Abstracts of Other articles

[1] The field of massive data covers distributed database, distributed storage, real-time data computing, distributed computing and other technical directions.

For massive data processing, from the database level is nothing more than two points: 1, how to share the pressure, the purpose of sharing is to change the centralized into distributed. 2. Use a variety of storage schemes, RDBMS or KV Store, different database software, centralized or distributed storage, or some other storage schemes for different business data and different data characteristics.

[2] Split the database, including horizontal split and vertical split.
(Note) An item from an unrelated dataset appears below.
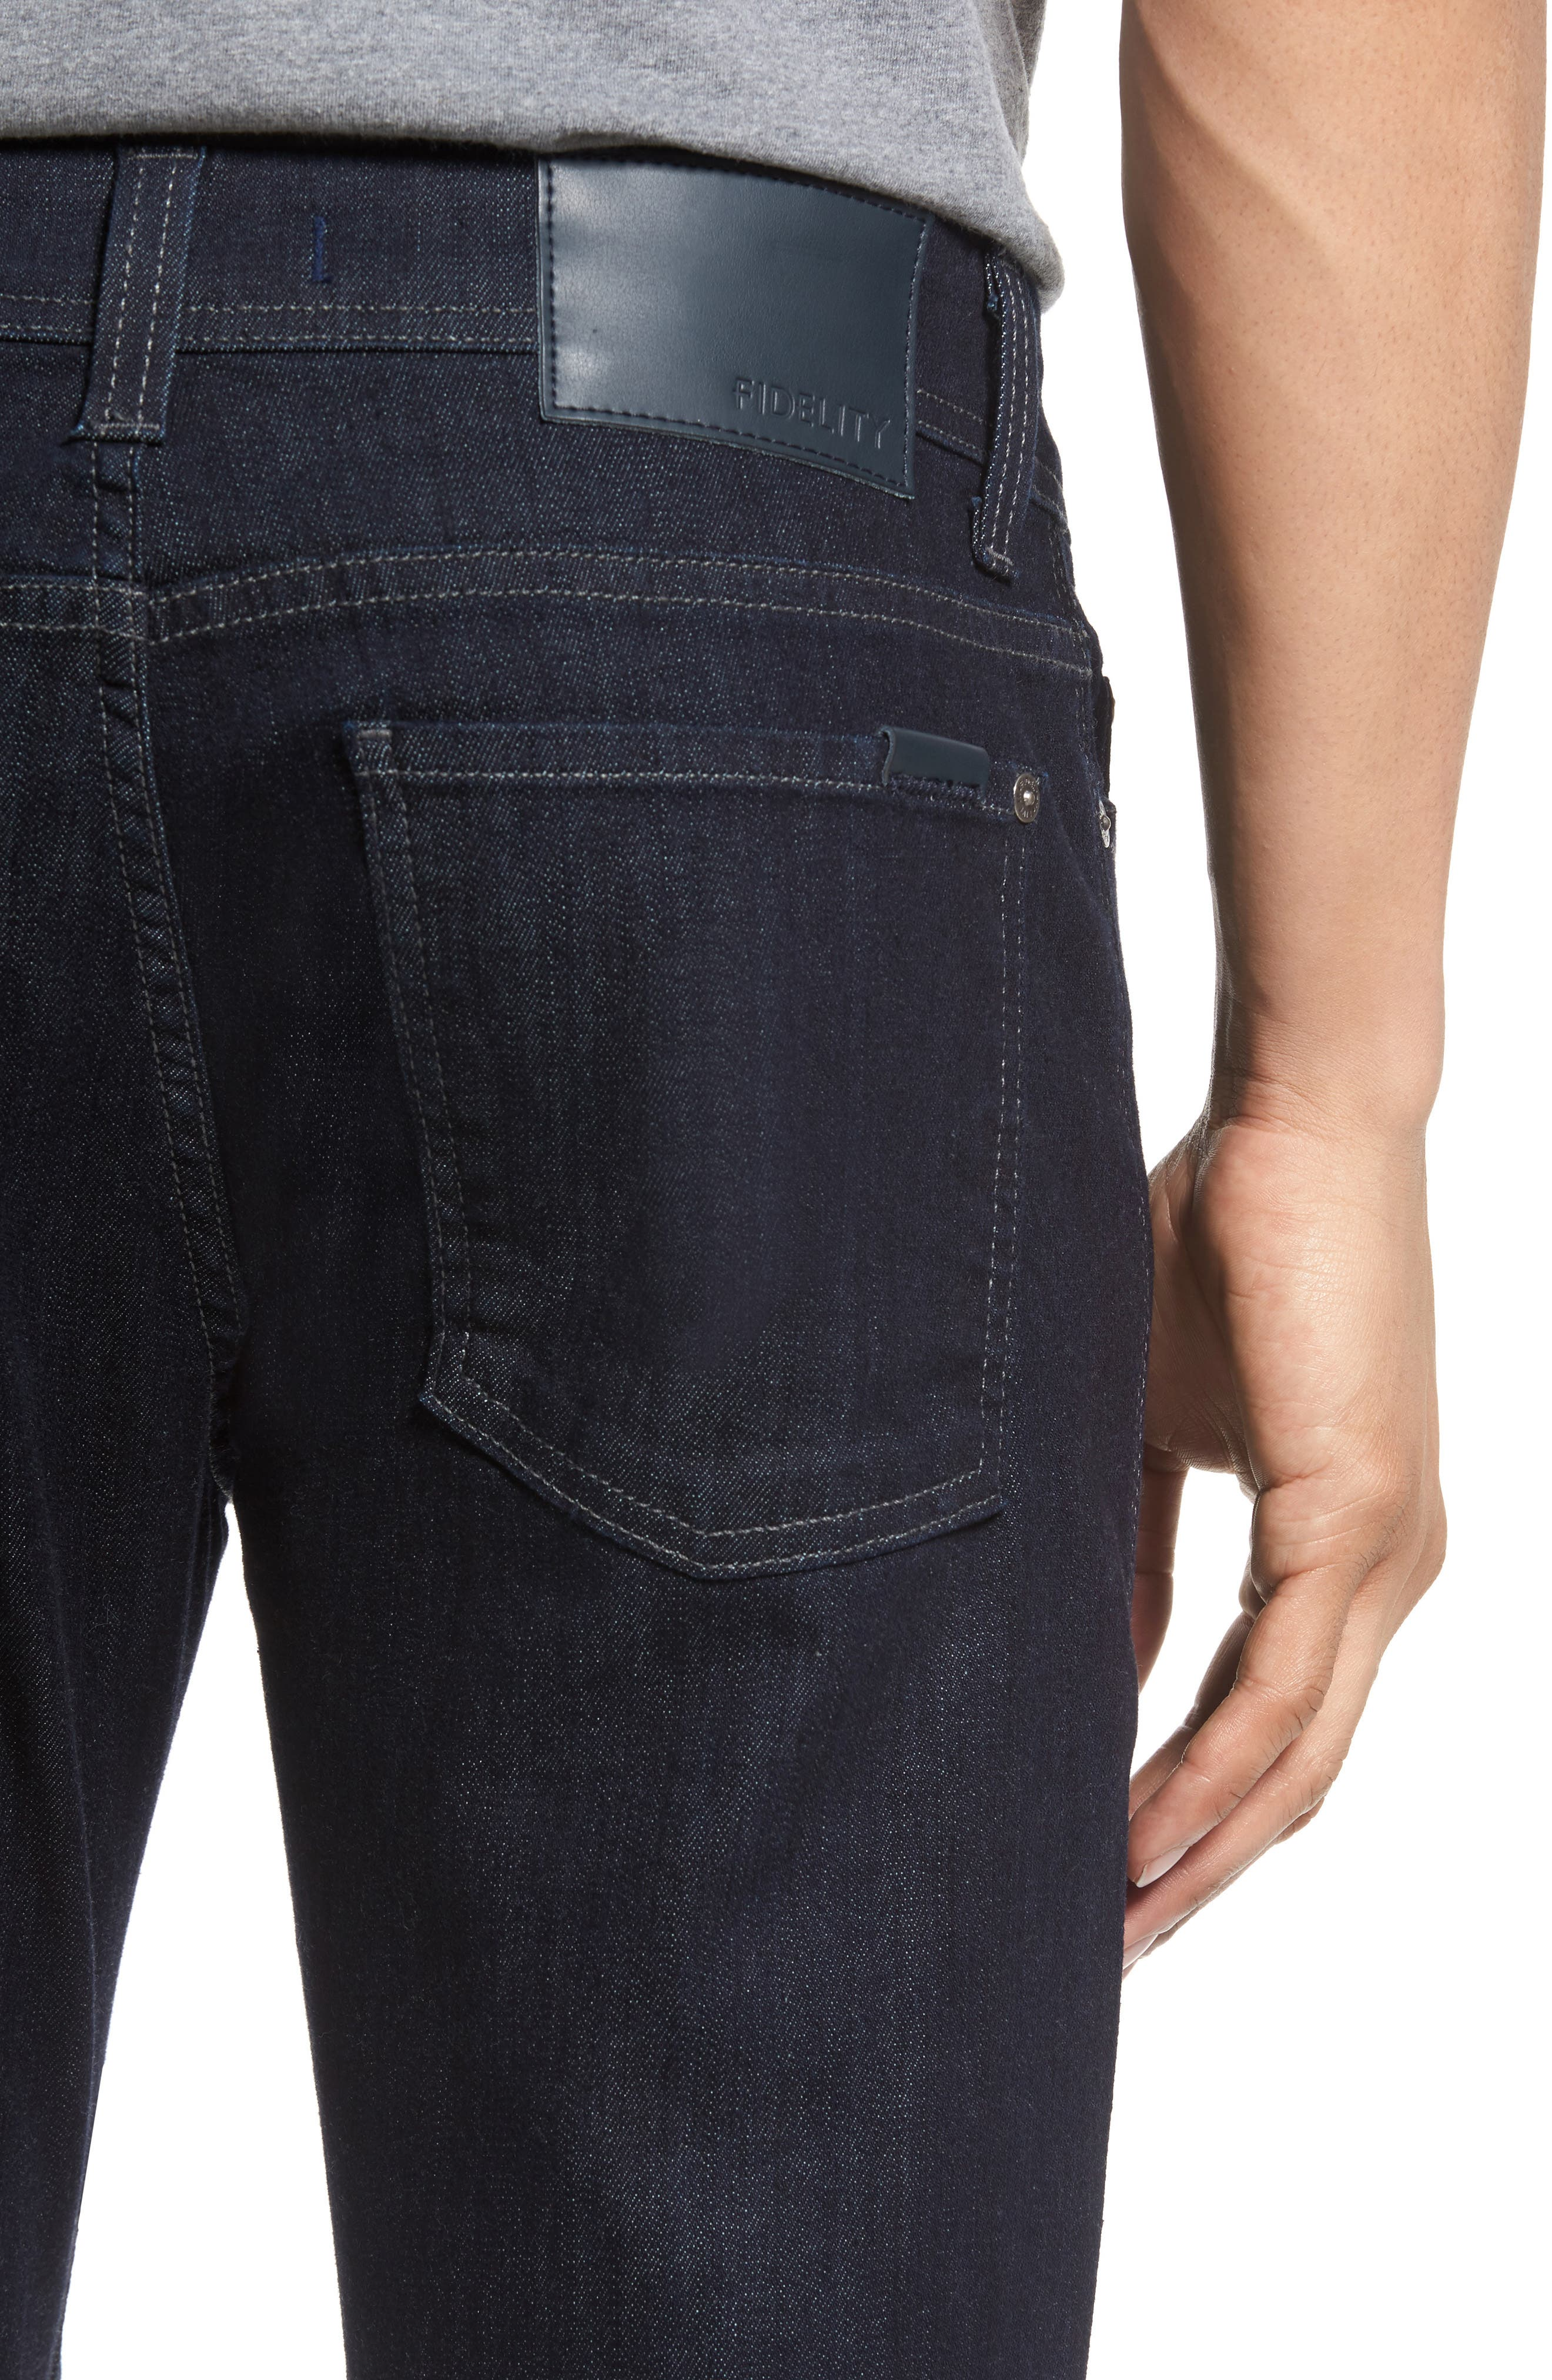 Torino Slim Fit Jeans,                             Alternate thumbnail 4, color,                             Capital Blue

Horizontal splitting mainly solves two problems: 1. The irrelevance of the underlying storage. 2. Increase the machine linearly to support increased data volume and access requests including TPS (Transaction Per Second) and QPS (Query Per Second). This is done by splitting a large data table into different database servers in a certain way.

The transfer of massive data from centralized to distributed mode may involve the disaster recovery and backup feature across multiple IDCs.

[3] Alibaba’s data processing methods for data in different regions.

The solution is closely coordinated by three products: Erosa, Eromanga and Otter.

Erosa does bin-log parsing for MySQL (or other database libraries) and puts it into Eromanga. Eromanga is a publishing subscription product for incremental data. Erosa generates constantly changing data published to Eromanga. Then each business side (search engine, data warehouse or associated business side) pulls the constantly changing data to its business side through Push or Pull through subscription, and carries out some business processing. Otter is data synchronization across IDC, and data can be reflected to different AA stations in a timely manner.

There may be conflicts in data synchronization. For the time being, the data of the site is given priority. For example, the data of the site in machine room A is given priority.

[4] For caching.

1. Pay attention to the intensity of segmentation and select the intensity of segmentation according to the business. The smaller the cache strength is, the higher the cache hit ratio will be. 2. Confirm the valid life cycle of the cache.

[5] Split strategy

1. Split by field (minimum strength). COMPANY_ID = COMPANY_ID; COMPANY_ID = COMPANY_ID;

2, split by table, split a table to MySQL, that table to MySQL cluster, more like vertical split.

3, Schema split, Schema split related to the application. For example, if the data of one module service is placed in one cluster, the data of another module service is placed in another MySQL cluster. But the overall service provided externally is the overall combination of these aircraft fleets, coordinated by Cobar.

Cobar is similar to MySQL Proxy in that it parses all MySQL protocols and can be accessed as MySQL Server.